Referring to FIG. 12, an encoder 1200 depicts an implementation of an encoder that is used, in various implementations, to encode images such as, for example, video images or depth images. The encoder 1200 is also used, in particular implementations, to encode data, such as, for example, metadata providing information about the encoded bitstream. The encoder 1200 is implemented, in one implementation, as part of, for example, a video transmission system as described below with respect to FIG. 14. It should also be clear that the blocks of FIG. 12 provide a flow diagram of an encoding process, in addition to providing a block diagram of an encoder.

An input image sequence arrives at an adder 1201 , as well as at a displacement compensation block 1220, and a displacement estimation block 1218. Note that displacement refers, for example, to either motion displacement or disparity

displacement. The input image sequence is, in one implementation, a depth sequence. Another input to the adder 1201 is one of a variety of possible reference picture information items received through a switch 1223.

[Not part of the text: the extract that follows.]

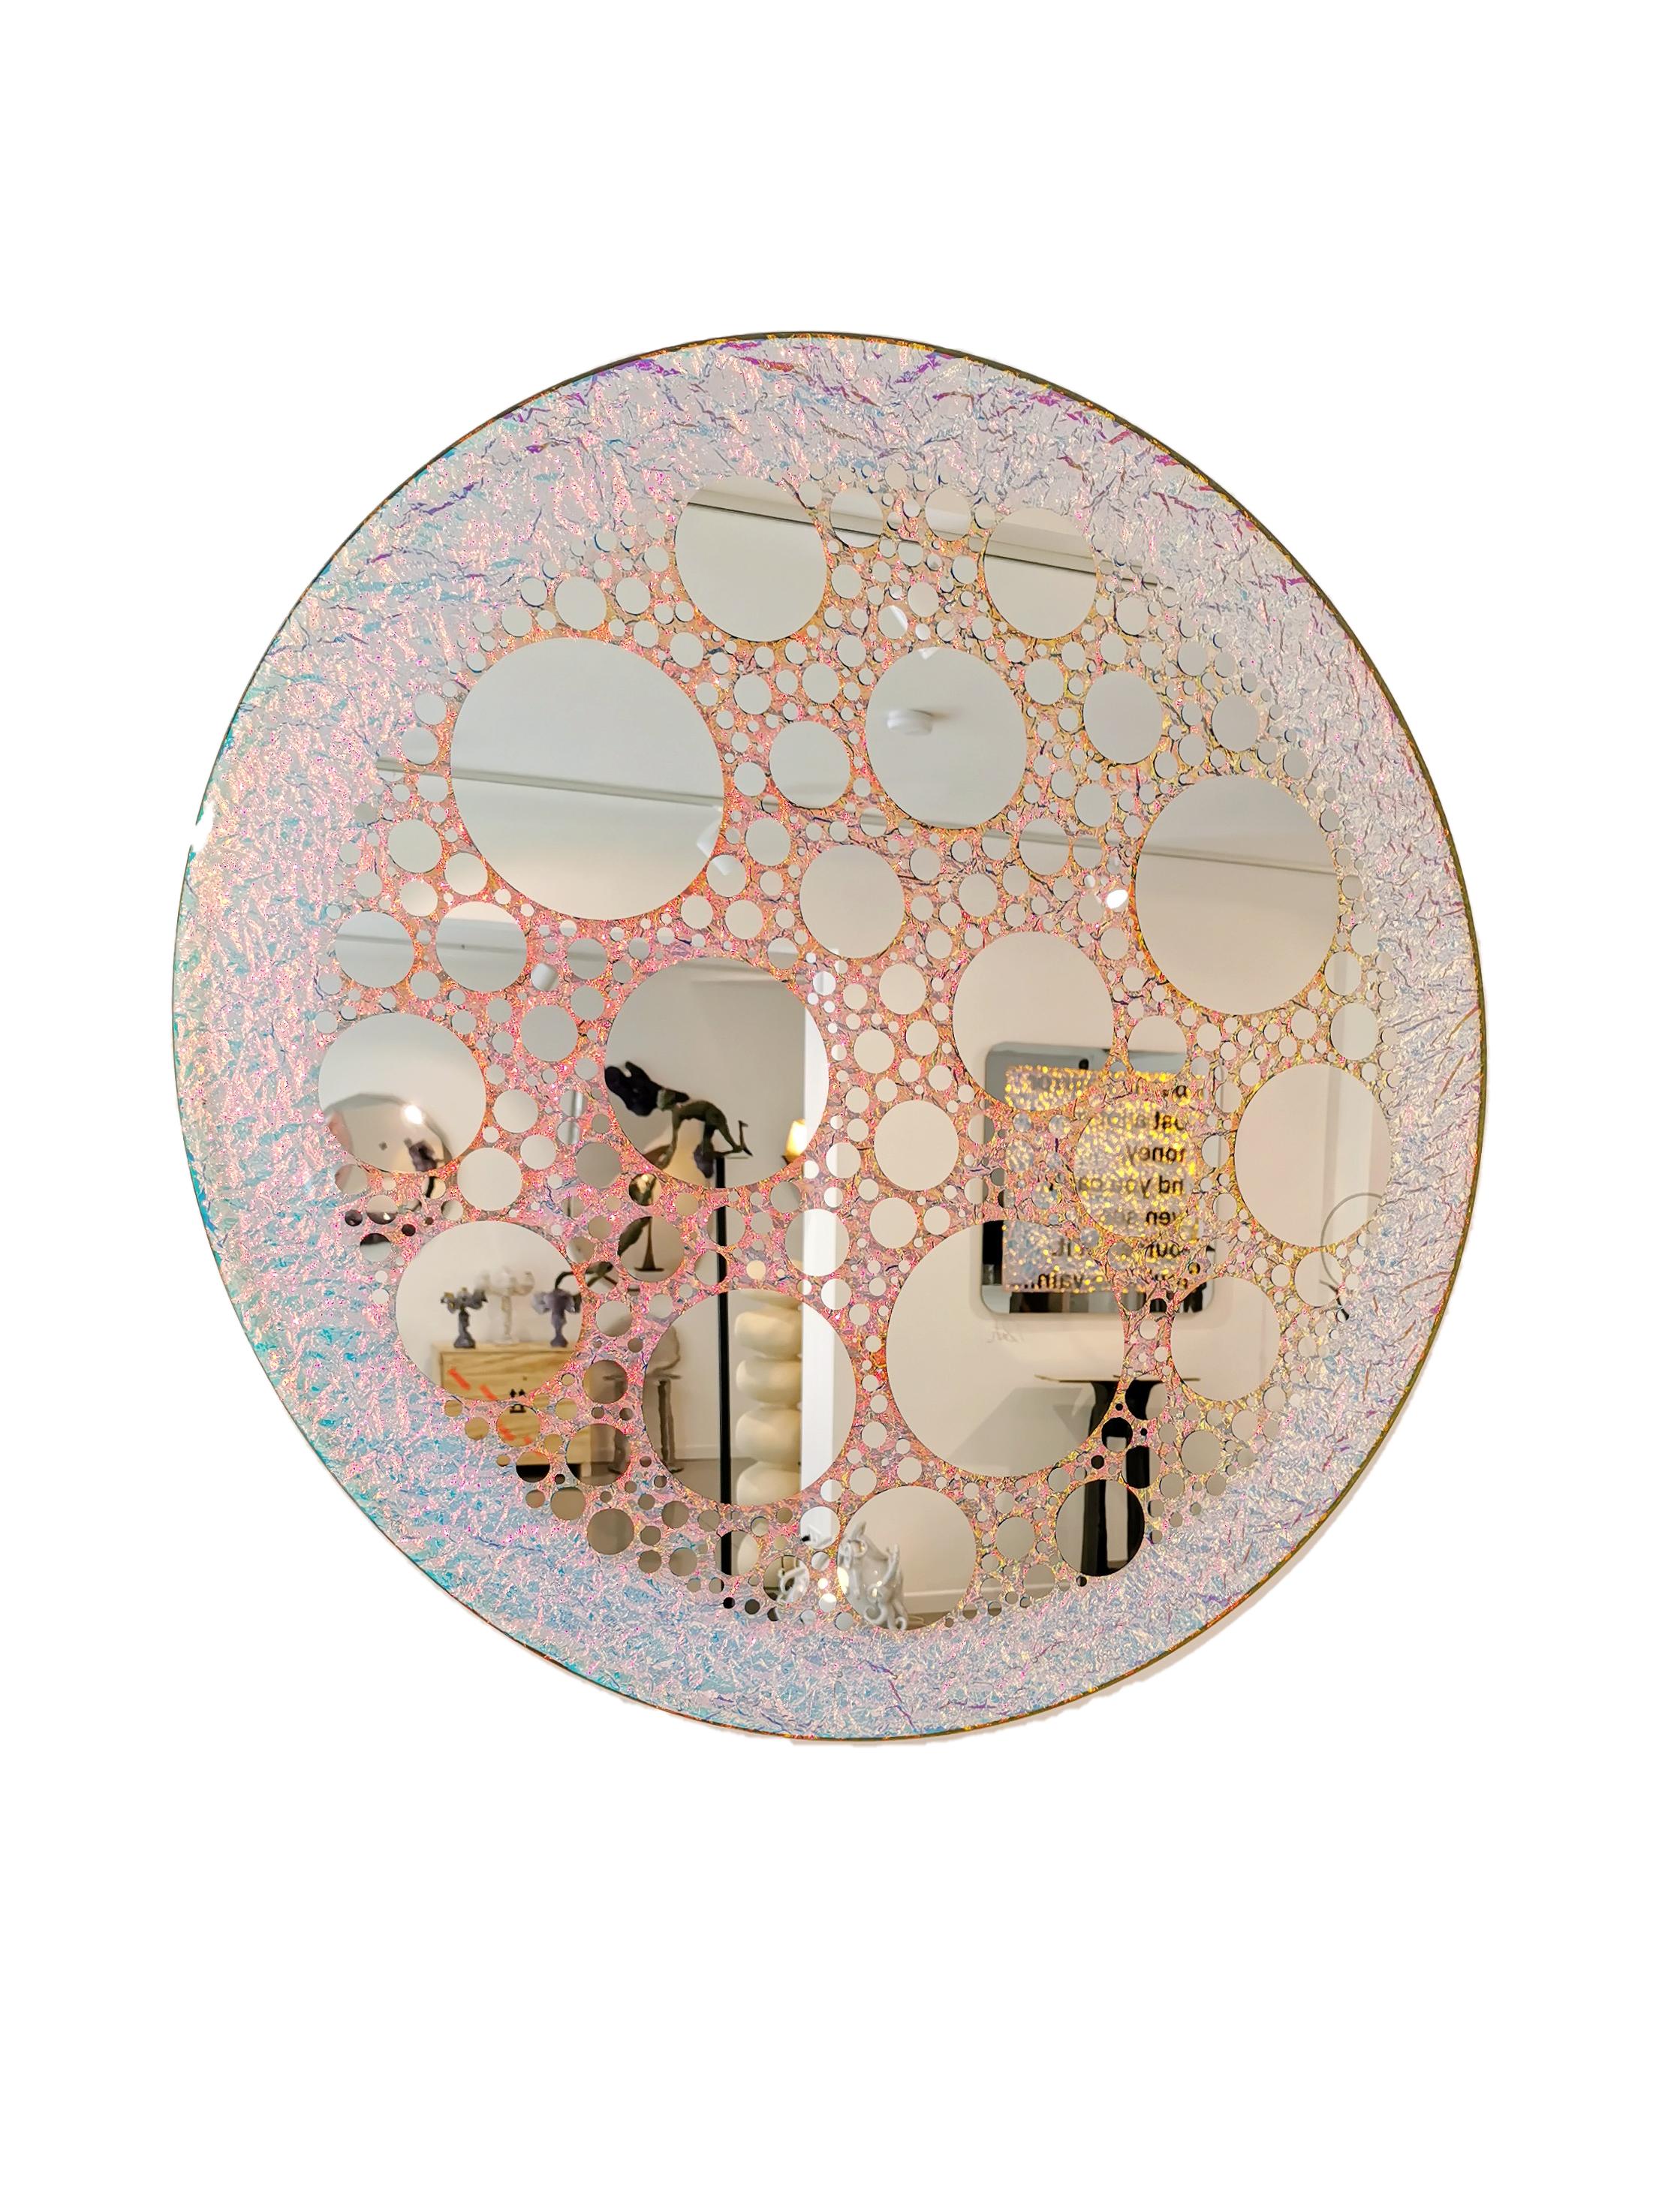 Contemporary 21st Century Limited Edition Crazy Circles Mirror by Troy Smith For Sale

For example, in a first scenario a mode decision module 1224 in signal communication with the switch 1223 determines that the encoding mode should be intra-prediction with reference to a block from the same picture (for example, a depth picture) currently being encoded. In this first scenario, the adder 1201 receives its input from an intra-prediction module 1222. Alternatively, in a second scenario, the mode decision module 1224 determines that the encoding mode should be displacement compensation and estimation with reference to a picture that is different (for example, a different time, or view, or both) from the picture currently being encoded. In this second scenario, the adder 1201 receives its input from the displacement compensation module 1220.

In various implementations, the intra-prediction module 1222 provides a predetermined predictor based on one or more blocks that are neighboring blocks to a block being encoded. In various implementations, the intra-prediction module 1222 provides a predictor (a reference) by searching within the picture being encoded for the best reference block.

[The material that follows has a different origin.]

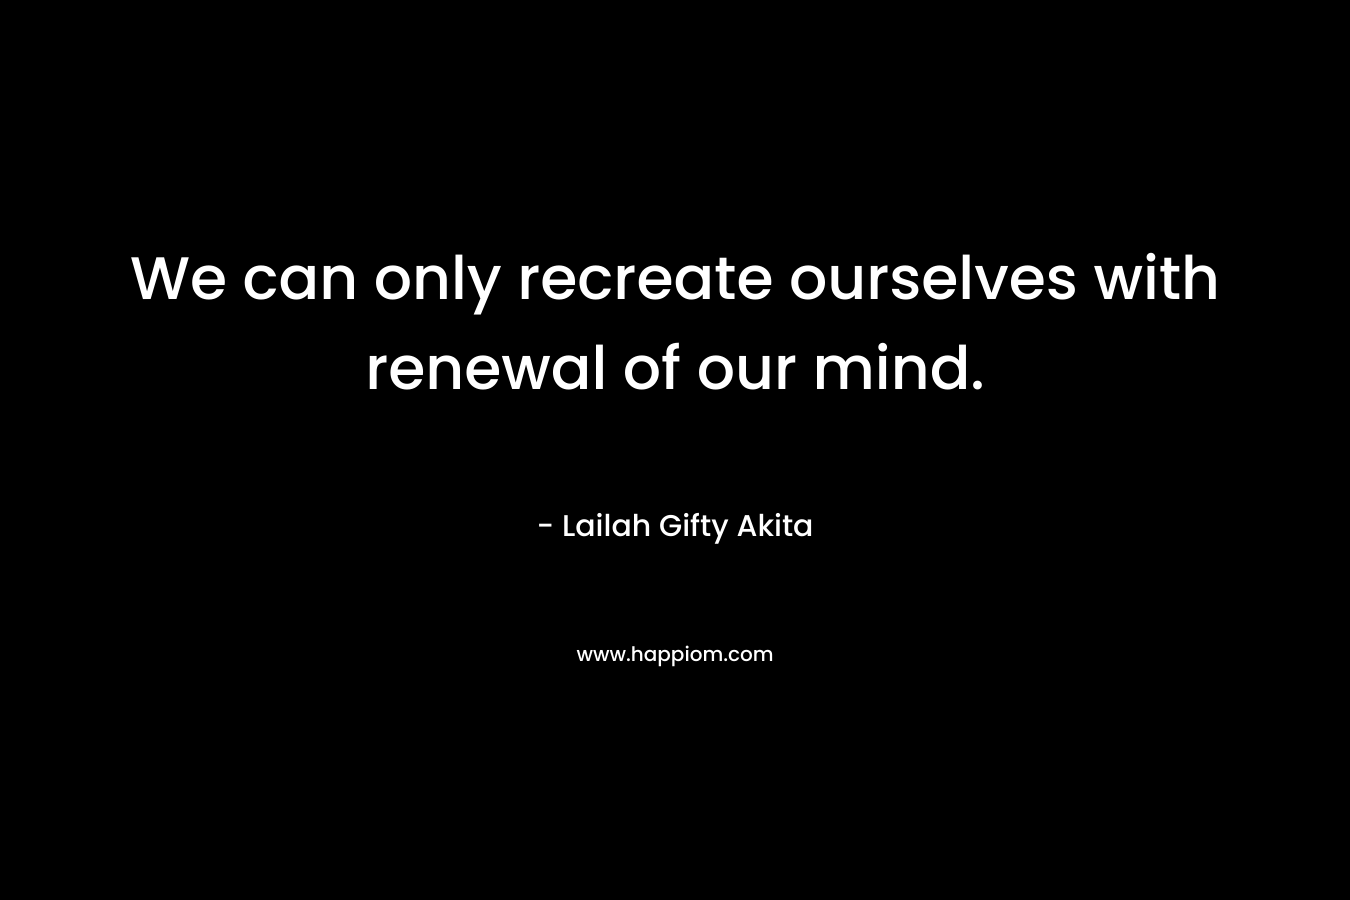 We can only recreate ourselves with renewal of our mind.

More specifically, several such predictor-based implementations search within a reconstruction of those portions of the current picture that have already been encoded. In some implementations, the searching is restricted to blocks that lie on the existing block boundaries. However, in other implementations, the searching is allowed to search blocks regardless of whether those blocks cross existing block boundaries. Because of the searching, such implementations are often more time-intensive and processor-intensive than merely using predetermined neighboring blocks as the references. However, such implementations typically offer the advantage of finding a better prediction of a given block.

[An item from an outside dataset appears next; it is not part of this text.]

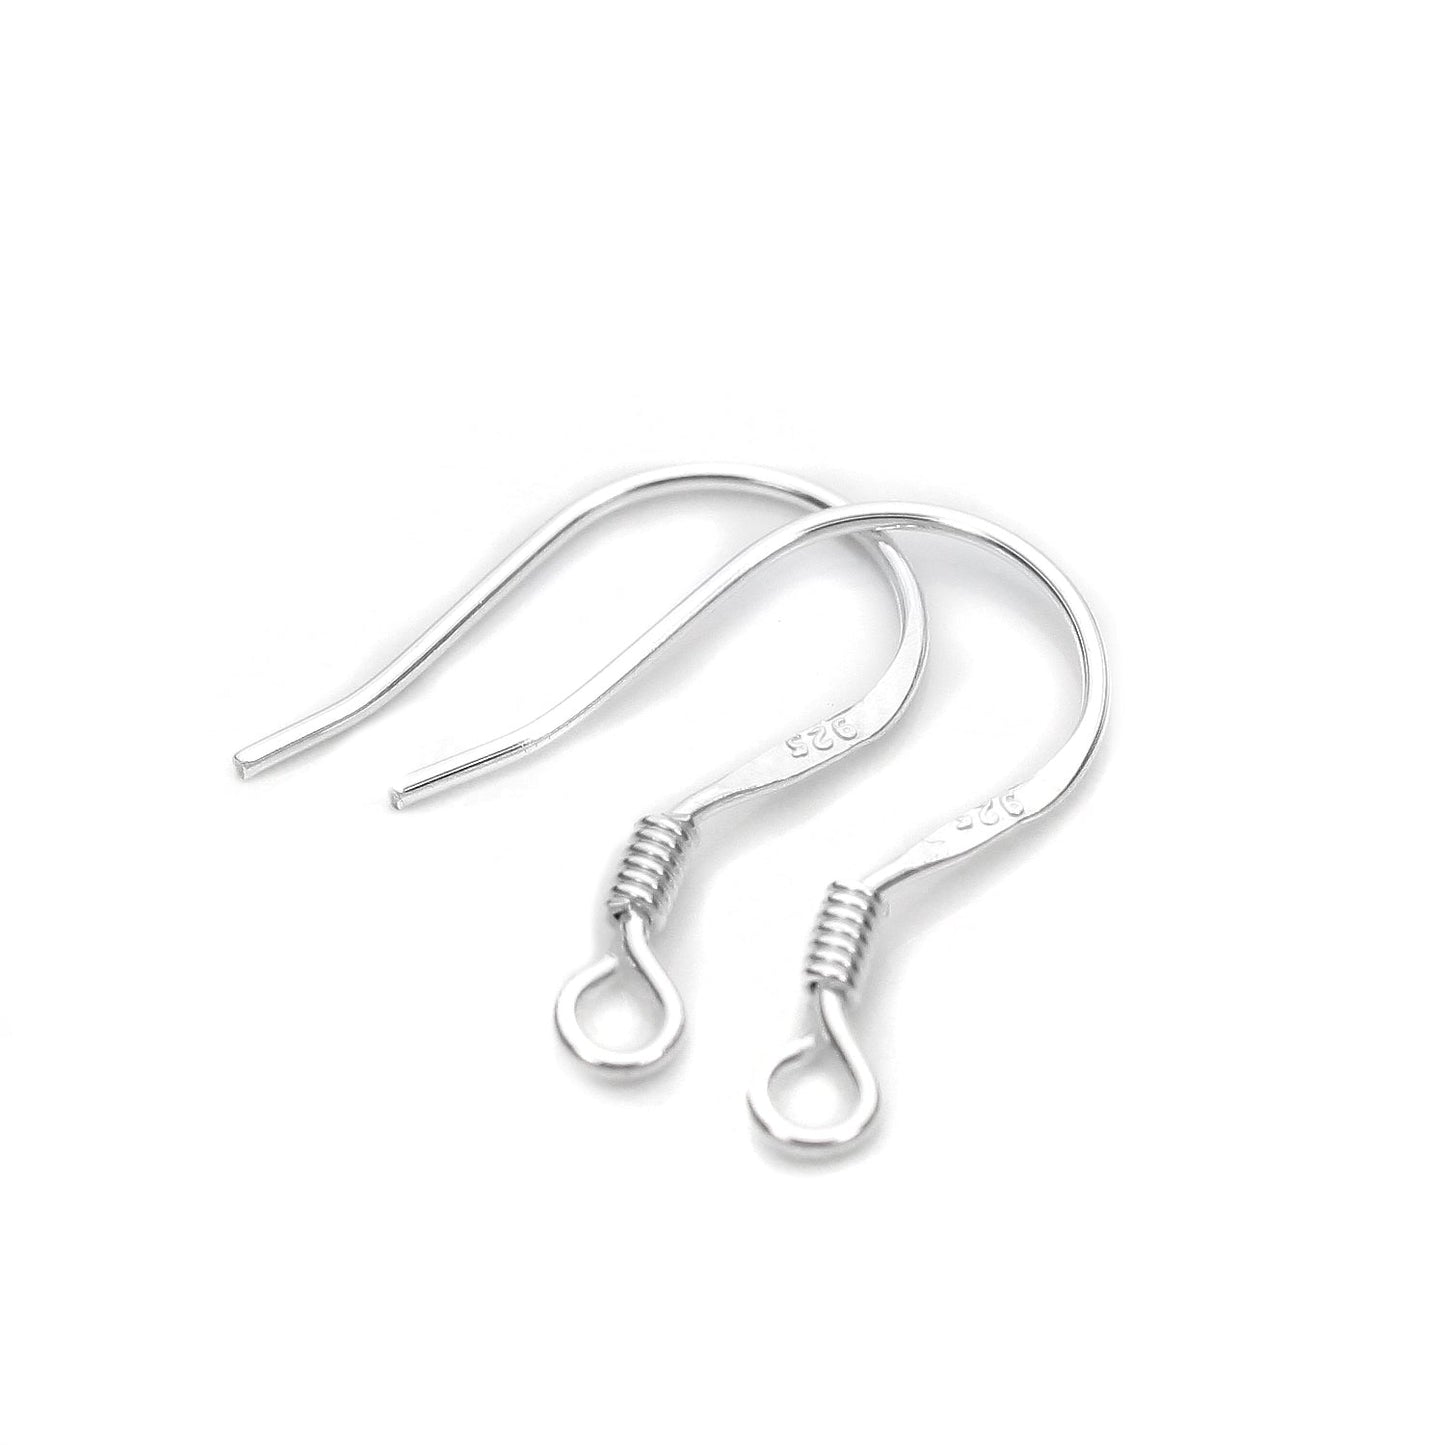 2 x Sterling Silver Earring Wires

Such implementations may lead to a best estimate Intra-prediction block.

Additionally, in various implementations, the boundaries of the reference block can lie on a sub-pixel boundary, and recovery of the reference involves an interpolation step to restore the actual block to be used as a reference during decoding. Depending on the content of the pictures, such sub-pixel interpolation implementations may improve compression efficiency compared to the use of neighboring blocks as references.

The adder 1201 provides a signal to a transform module 1202, which is configured to transform its input signal and provide the transformed signal to a quantization module 1204. The quantization module 1204 is configured to perform quantization on its received signal and output the quantized information to an entropy encoder 1205. The entropy encoder 1205 is configured to perform entropy encoding on its input signal to generate a bitstream. An inverse quantization module 1206 is configured to receive the quantized signal from quantization module 1204 and perform inverse quantization on the quantized signal. In turn, an inverse transform module 1208 is configured to receive the inverse quantized signal from the inverse quantization module 1206 and perform an inverse transform on its received signal. The output of the inverse transform module 1208 is a reconstruction of the signal that is output from the adder 1201.

An adder (more generally referred to as a combiner) 1209 adds (combines) signals received from the inverse transform module 1208 and the switch 1223 and outputs the resulting signal to the intra-prediction module 1222, and an in-loop filter 1210. The resulting signal is a reconstruction of the image sequence signal that is input to the encoder 1200.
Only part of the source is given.